James Hesketh: Atna and Canyon Resources merged in 2008. The new company had several development assets, including the Briggs gold mine in California, the Pinson gold mine in Nevada, the Reward project in Nevada and the Columbia project in Montana. But we had no production. Our first step was to put Briggs into production, which we accomplished in 2009 with our first gold pour occurring in May. Since then, we’ve produced about 160,000 ounces (160 Koz) of gold from Briggs.
“Pinson is an underground mine producing high-grade ore on the order of about 13–15 g/t.”

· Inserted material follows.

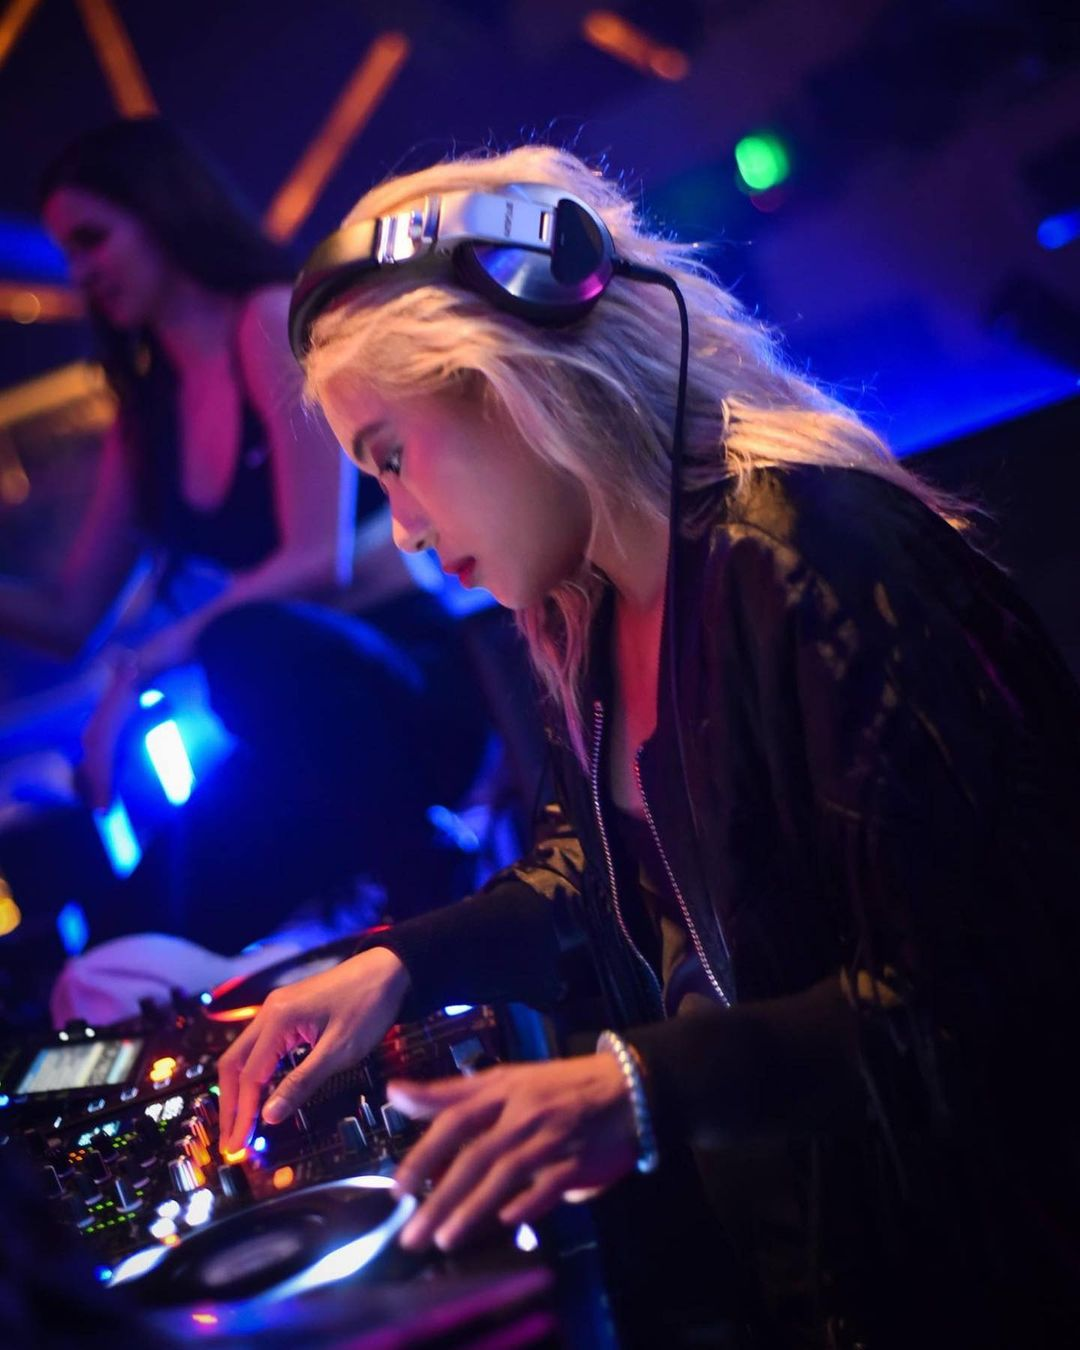 DJ Katsy Lee, Female DJ yang Mengenal Musik Sejak Usia 8 Tahun
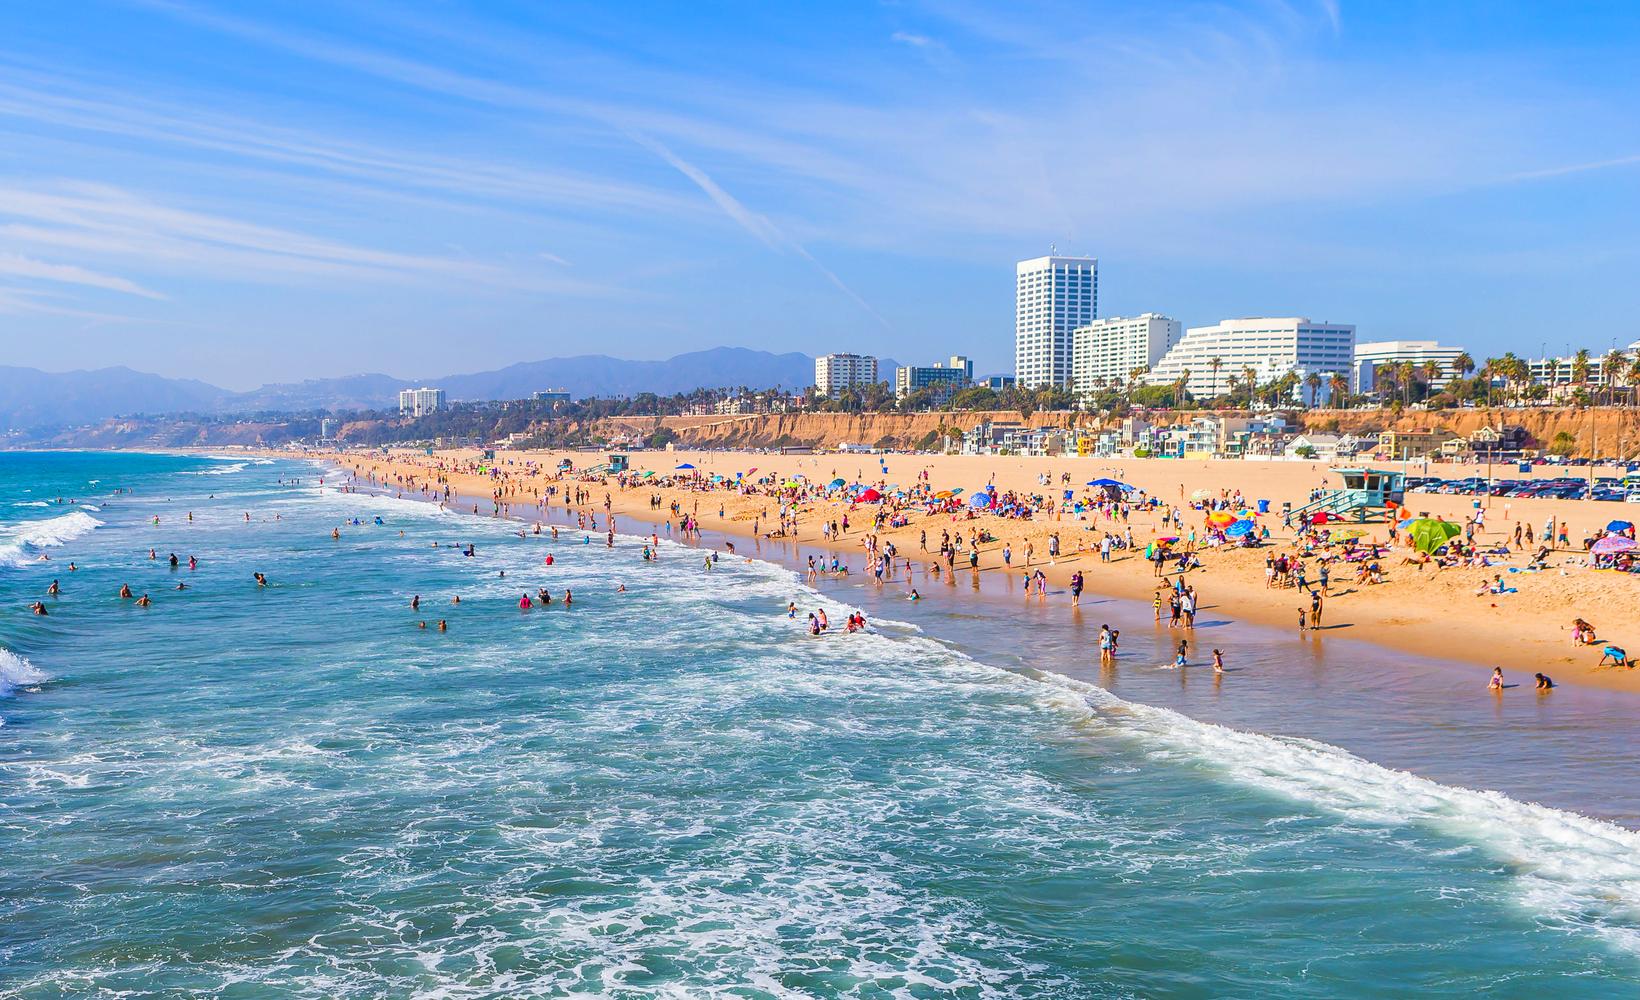 SantaMonica-Kalifornien-Strand-Thinkstock534610535

We then had to negotiate with Barrick Gold Corp. (ABX:TSX; ABX:NYSE) to consolidate our ownership in Pinson, which we accomplished in 2011. Development commenced in 2012. Unfortunately, the price of gold collapsed in 2013 and forced us to put off the start-up of operations until 2014. Today, Pinson is increasing its production rate as an underground mine.
We now have gold production from two mines in two different U.S. states, which is a strong step toward achieving our long stated goals.
TGR: Tell us about the other members of your management team and the strengths they bring to Atna.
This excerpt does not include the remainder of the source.